German rabbi (died 1780)

Aaron Mosessohn (אהרן בן משה מגזע צבי; died 1780) was a German rabbi.

==Biography==
Aaron Mosessohn was likely born in Glogau, and was a descendant of the Tzvi family. His great-grandfather was the noted Talmudist Shabbethai Cohen.

In 1763 he was elected rabbi of Berlin, having previously been rabbi of Dessau. Under the title Aaron Mosessohn's Friedenspredigt (Berlin, 1763), Mendelssohn published a thanksgiving sermon which Mosessohn had written after the peace of Hubertsburg in 1763. It was reprinted in Mendelssohn's Gesammelte Schriften (vi. 407–415), and in Hebrew in Ha-Me'assef, (1789, pp. 14–24).

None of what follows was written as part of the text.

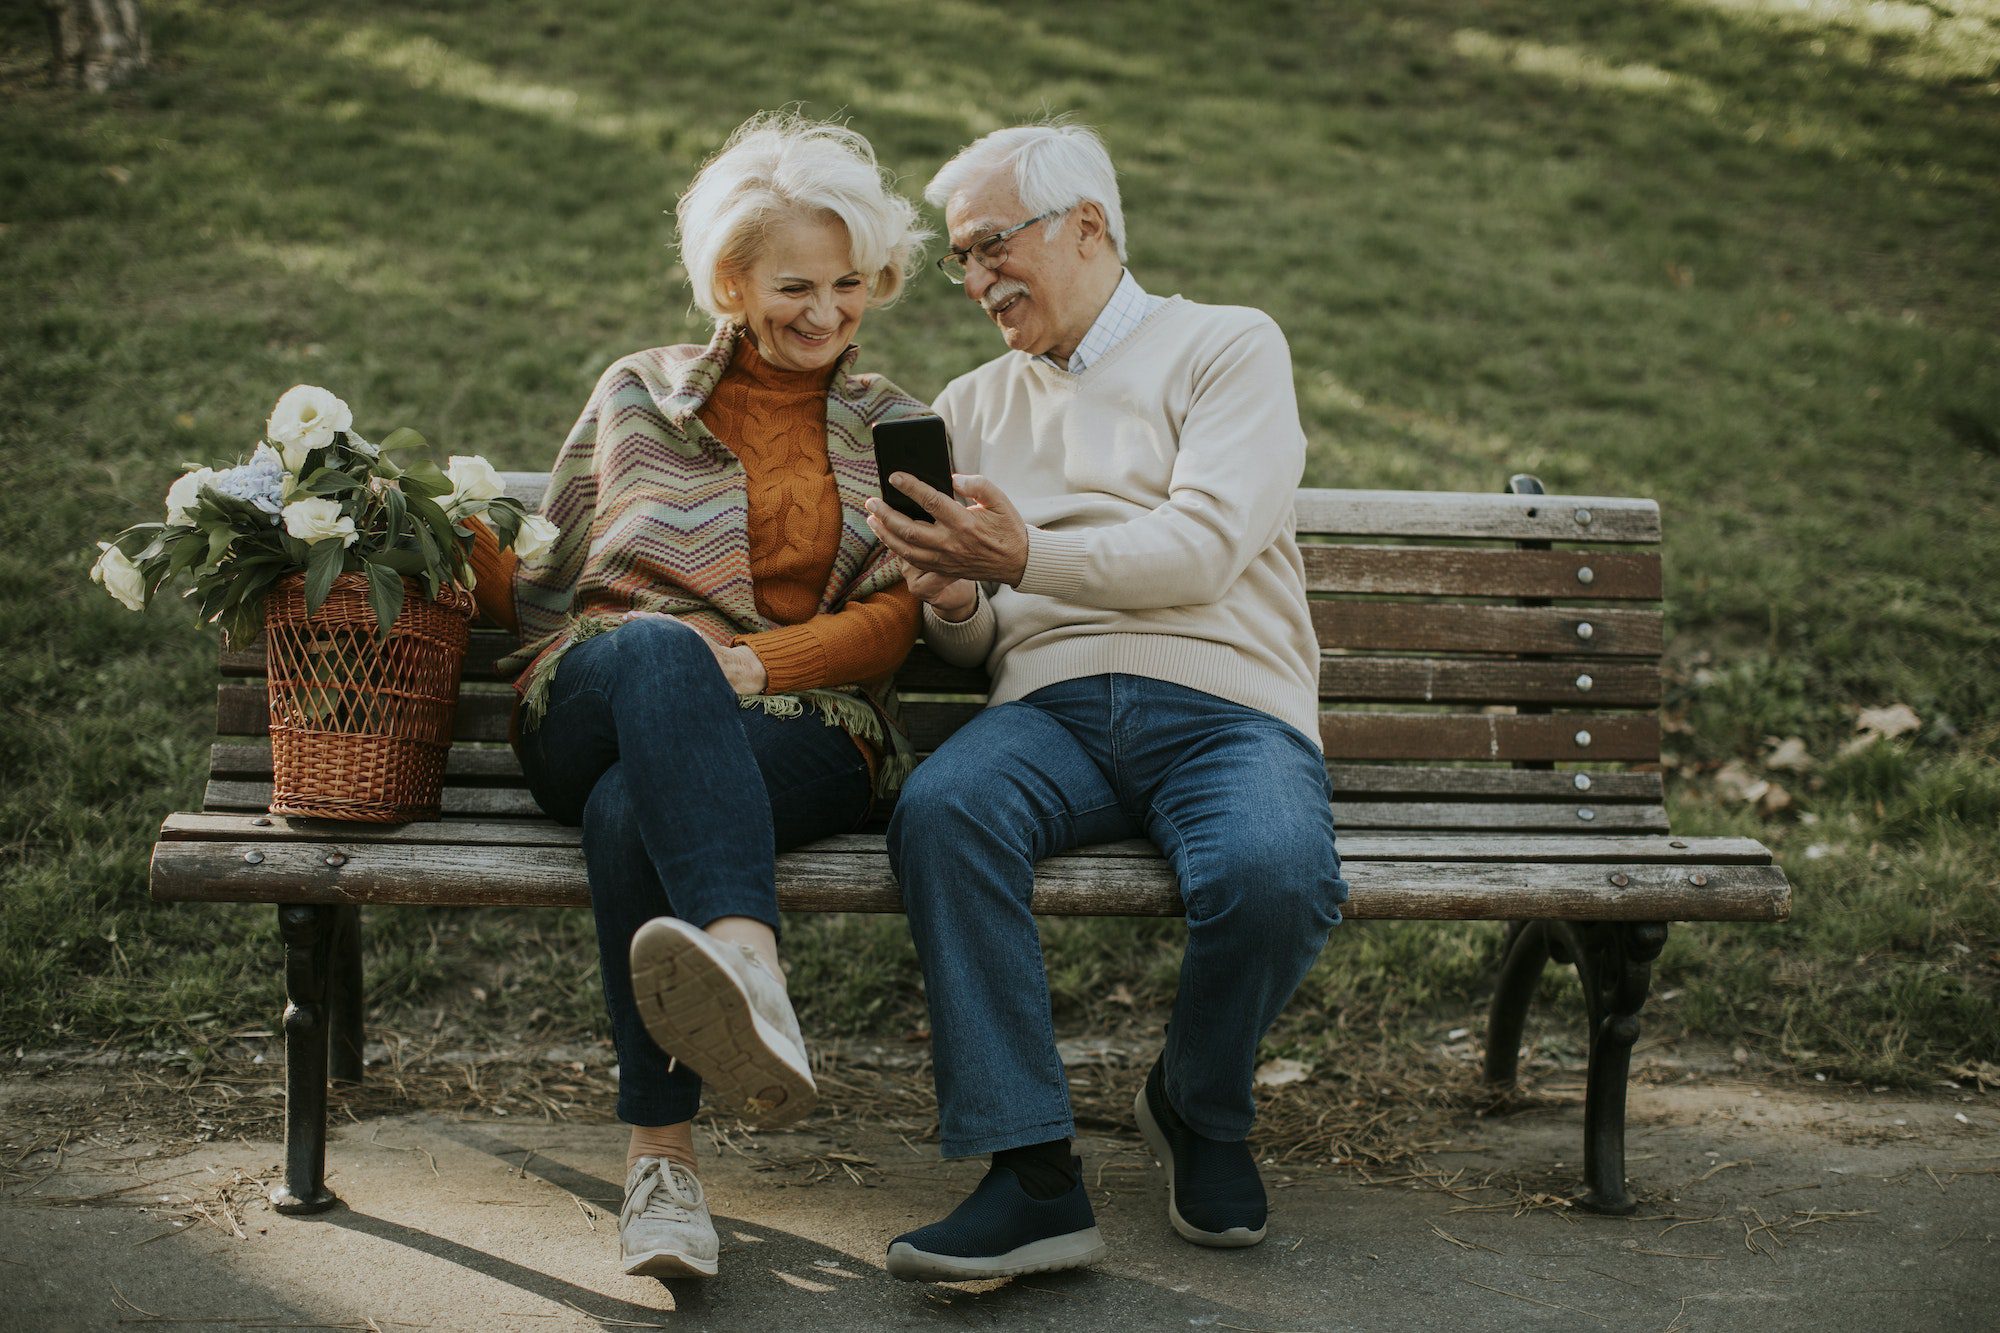 Senior couple sitting on the benchwith basket full of flowers and lookin at mobile phone checking on Medigap Premium increasing

Aaron edited He-ʻArukh mi-Shakh (Berlin, 1767), the commentary of Shabbethai Cohen on the Shulḥan ʻArukh Yoreh De'ah, to which he added notes of his own. About 1771 he accepted the rabbinate of Schwabach, with which the office of chief rabbi of the principality of Ansbach was united. Upon his recommendation the congregation of Berlin conferred upon Mendelssohn honorary membership on April 3, 1771.

==Publications==
- Mosessohn, Aaron (1763). "Drush ʻal ha-shalom / Friedenspredigt: gehalten in der Synagoge zu Berlin am Sabbath den 27ten Adar [5]523. (den 12ten März 1763)"
- "He-ʻArukh mi-Shakh" (1767)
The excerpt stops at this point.